The brother-in-law told police he believed Veach because Veach was in the process of buying a $650,000 home and drove a Porsche Carrera. The group ended up giving Veach a total of $52,312 for the investment. But, according to police, rather than investing the money, Veach deposited the money into his bank account and used the money to pay Ken Garff Automotive in Orem in an attempt to purchase several sports cars from the dealership. Dealership officials reported that a check Veach wrote for $222,603 bounced. The dealership then allowed Veach to lease the vehicles, which were quickly repossessed for lack of payment.
As it turns out, Veach was not a millionaire. His wife reported to police that he made about $75,000 a year.

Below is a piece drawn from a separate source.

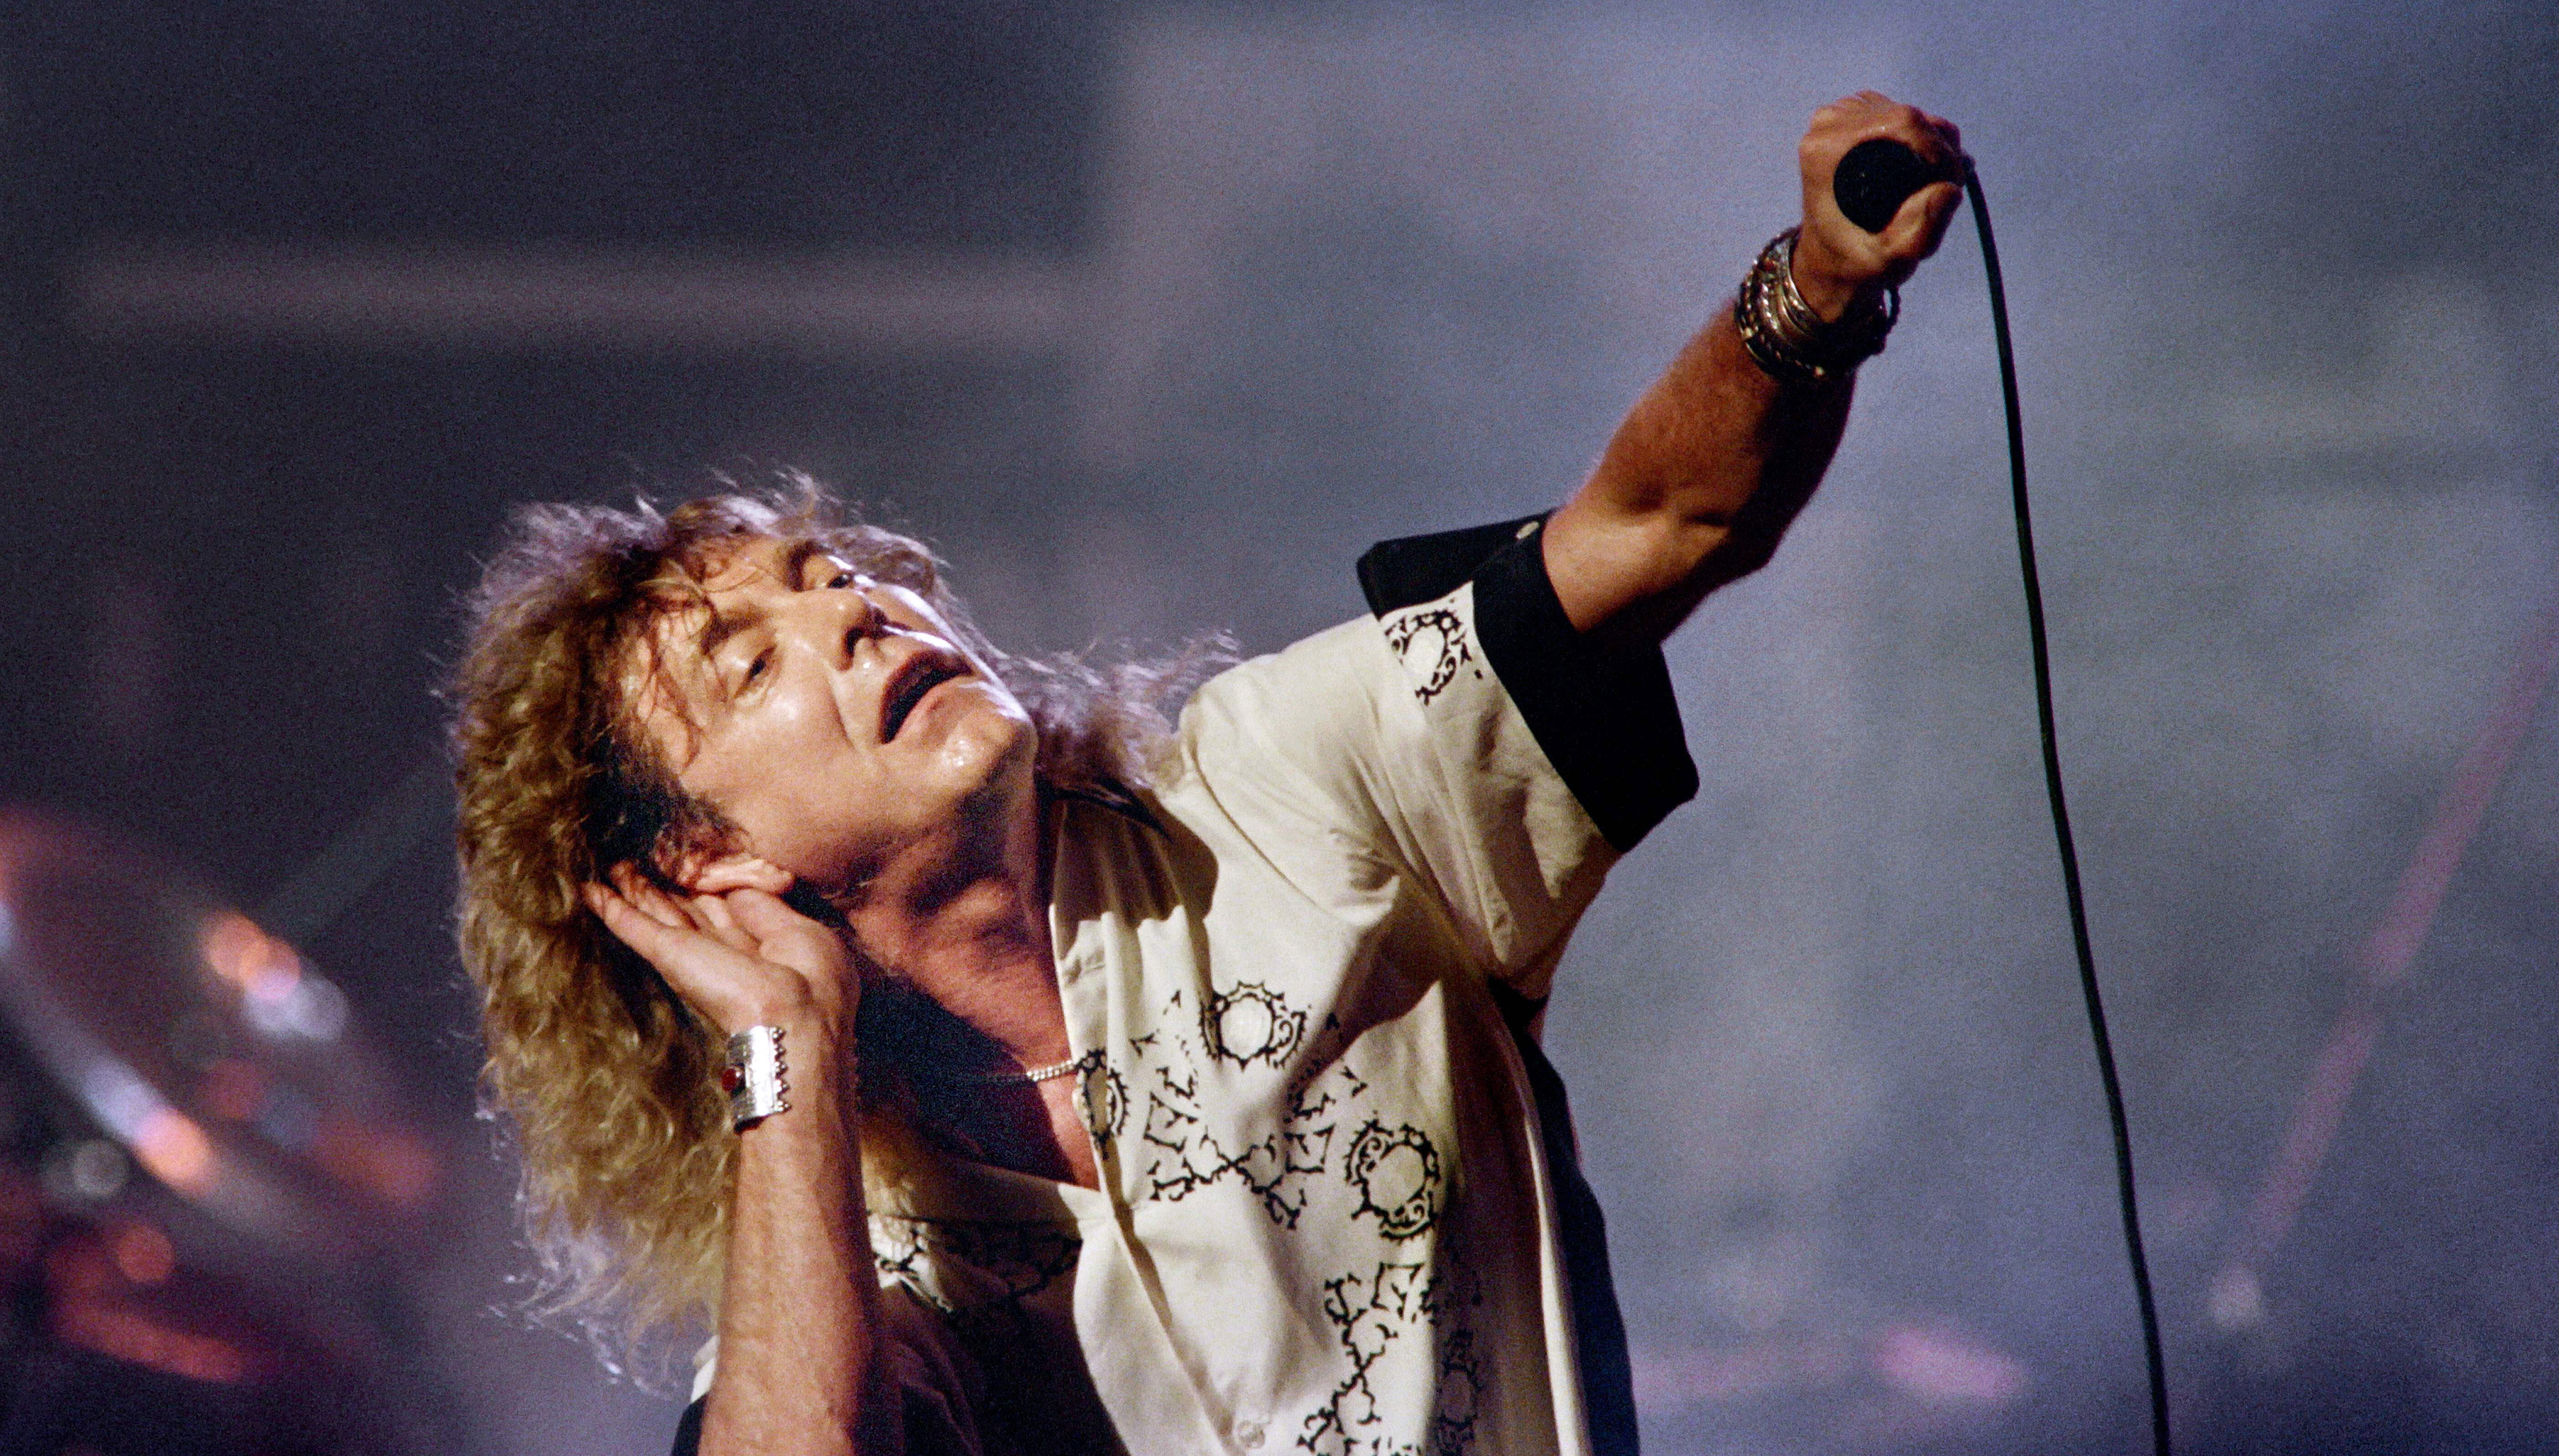 hår subtropisk Rute Robert Plant Never Envisioned Making An Album Without Led Zeppelin | iHeart
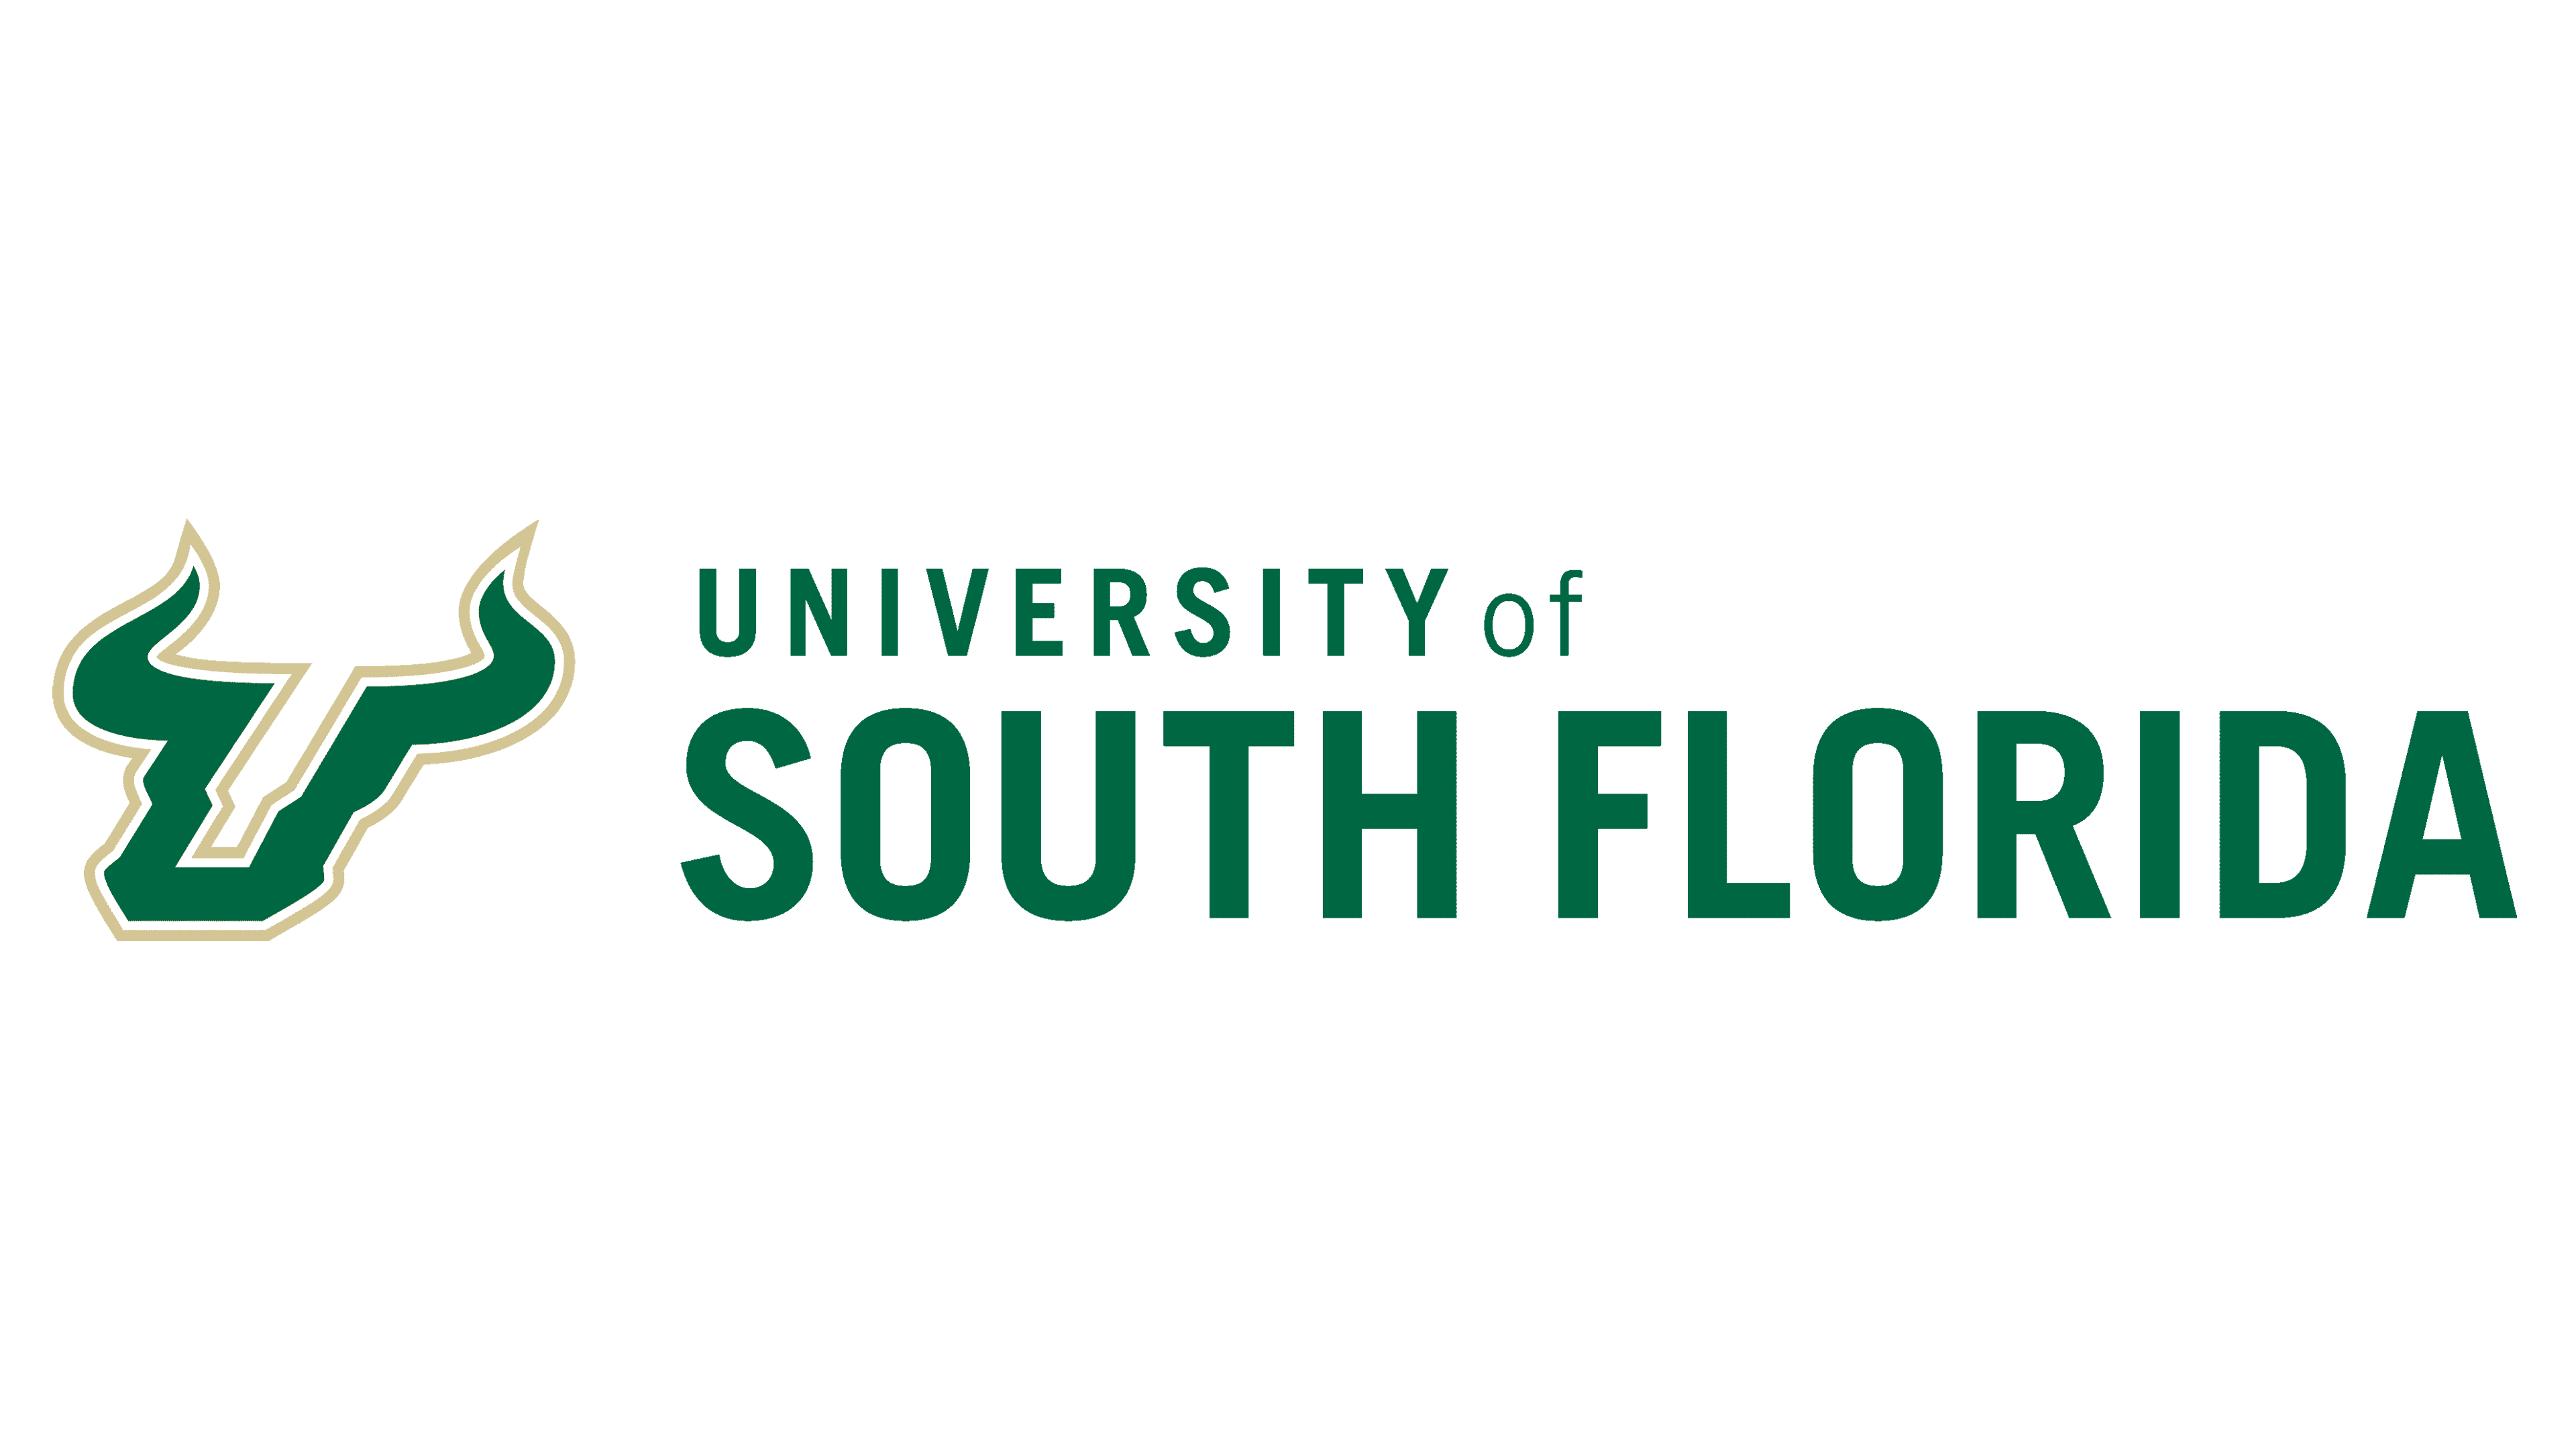 University of South Florida Transparent PNG Logo

By June 2001, friends say they became increasingly agitated that Veach failed to produce stock certificates. In-laws told police that Veach admitted to his wife that the investment was a scam and that he had spent all the money.
Deputy Utah County attorney David Wayment said he has never before seen an insanity defense used in a white-collar crime. Typically a claim of "diminished capacity" is used in crimes of passion or violence. "It is unusual for us to see this claim in a crime that requires sophisticated thinking and acting over a long period of time," Wayment said.
Utah County public defense attorney Richard Gale says he truly believes Veach was not aware of what he was doing and had no intent to victimize friends and family. Gale points to two mental evaluations. They conclude that although Veach can comprehend complex situations, with his depression and suicidal thoughts he "began believing grandiose things about himself and became confused between reality and fantasy," according to one mental-health expert.
Gale said he believes it is possible for Veach to be aware and rational enough to comprehend the financial side of things while being delusional. Wayment remains skeptical that the defense will hold up in court.
A hearing has been set for March 25 on the issue. Wayment said the state has hired its own expert, who will review Veach's mental-health reports.